The draft guideline recommends that atorvastatin 20mg is considered for the primary prevention of CVD for people with a 10-year risk of less than 10 per cent.

NICE estimates that under this new recommendation, on average, for every 1,000 people with a risk of 5 per cent over the next 10 years who take a statin, about 20 people will not get heart disease or have a stroke because they take a statin.

This figure doubles to 40 for people with a risk of 10 per cent, and for people with a risk of 20 per cent NICE estimates that, on average, around 70 people would not get heart disease or have a stroke in the next 10 years. 

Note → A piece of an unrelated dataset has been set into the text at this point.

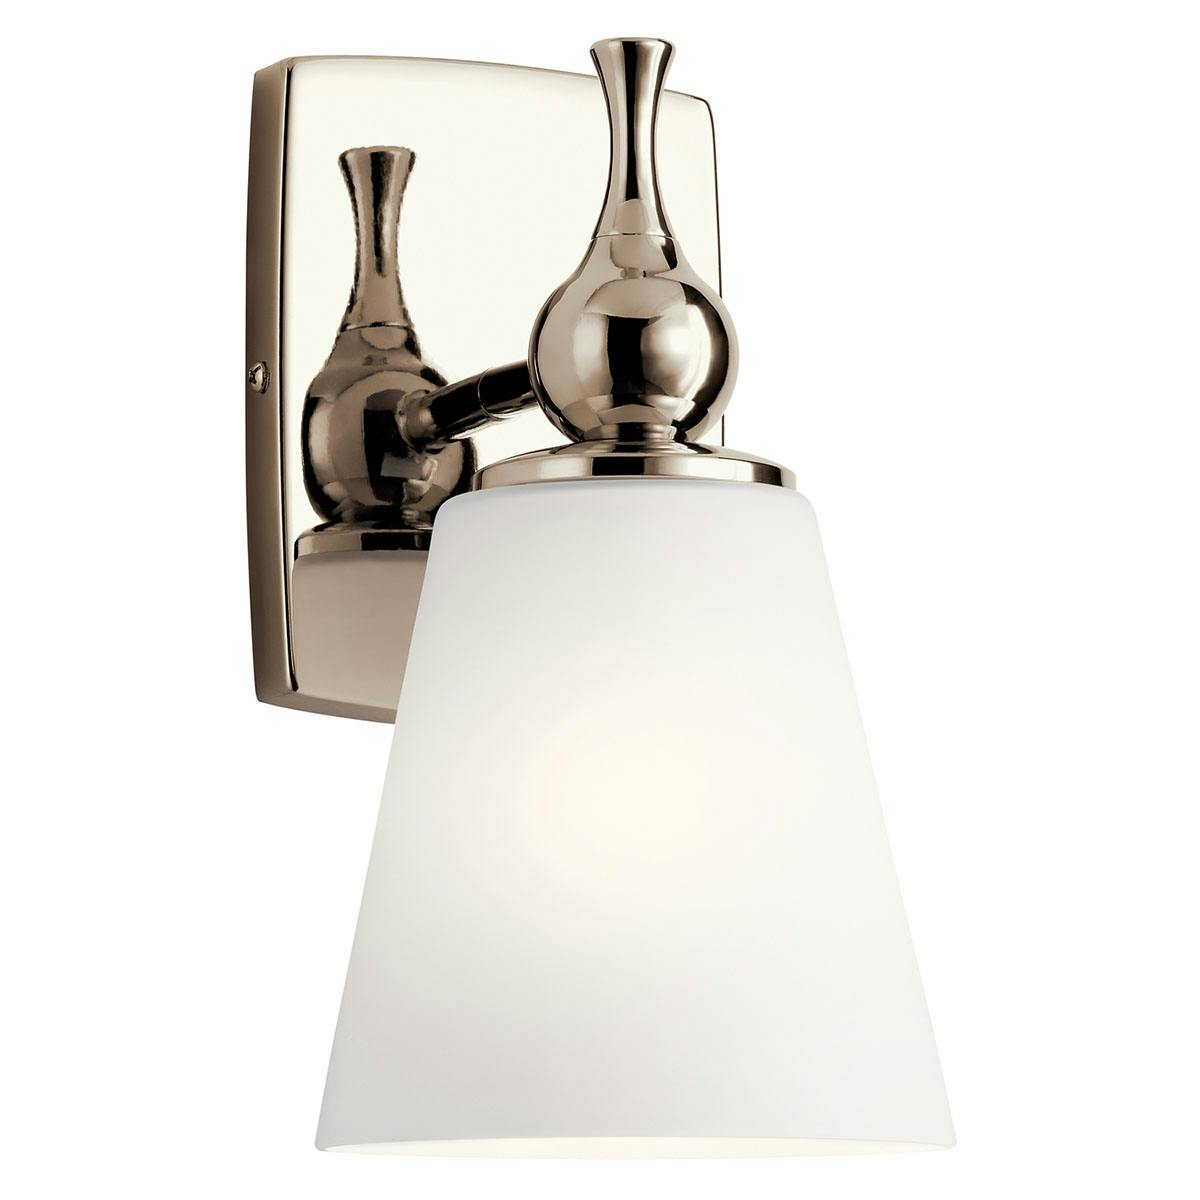 Cosabella 1 Light Sconce Polished Nickel on a white background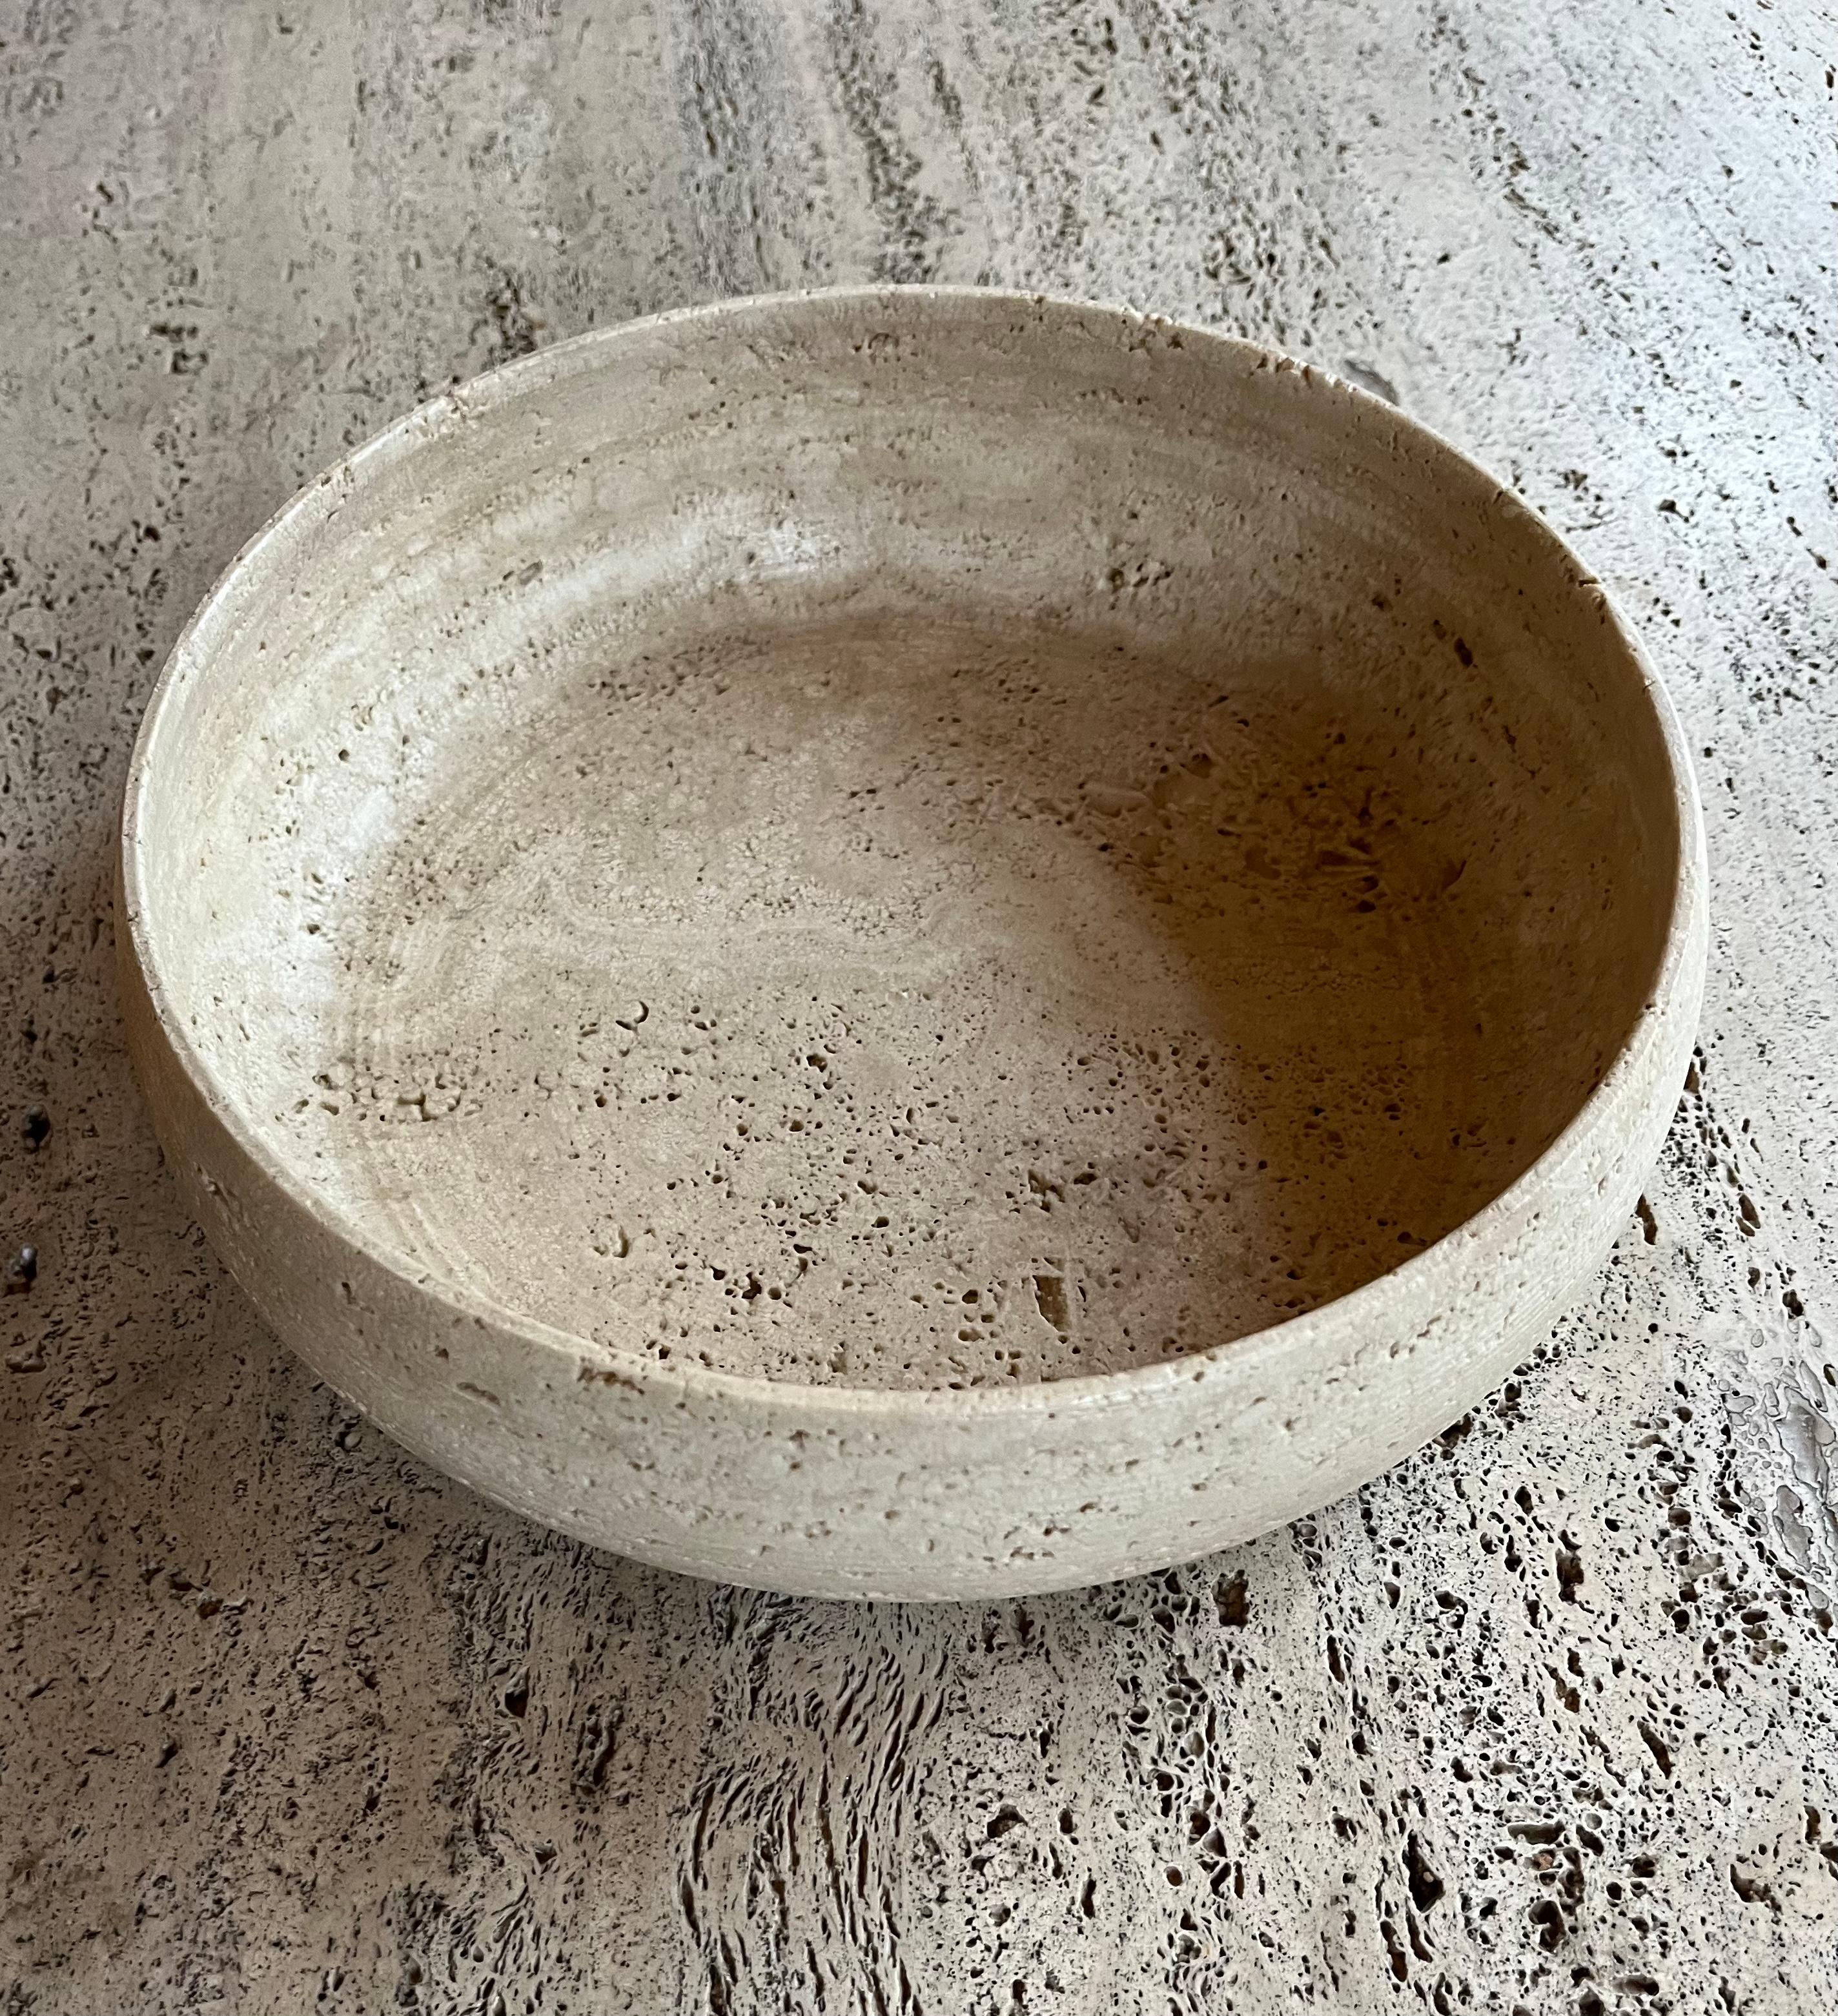 Large unfilled travertine bowl by Ducci. Italian c.1970’s

However, the committee agreed that focusing on increasing uptake among people with the highest risk of CVD events would have more impact. For this reason, the draft guidance says that, while people at lower risk can be considered for statin therapy, people at a higher risk should continue to be offered statins.

Appropriate choice

Paul Chrisp, director of the Centre for Guidelines at NICE, said: “The evidence is clear, in our view, that for people with a risk of 10 per cent or less over 10 years, statins are an appropriate choice to reduce that risk.

“We are not advocating that statins are used alone. The draft guideline continues to say that it is only if lifestyle changes on their own are not sufficient, and that other risk factors such as hypertension are also managed, that people who are still at risk can be offered the opportunity to use a statin, if they want to."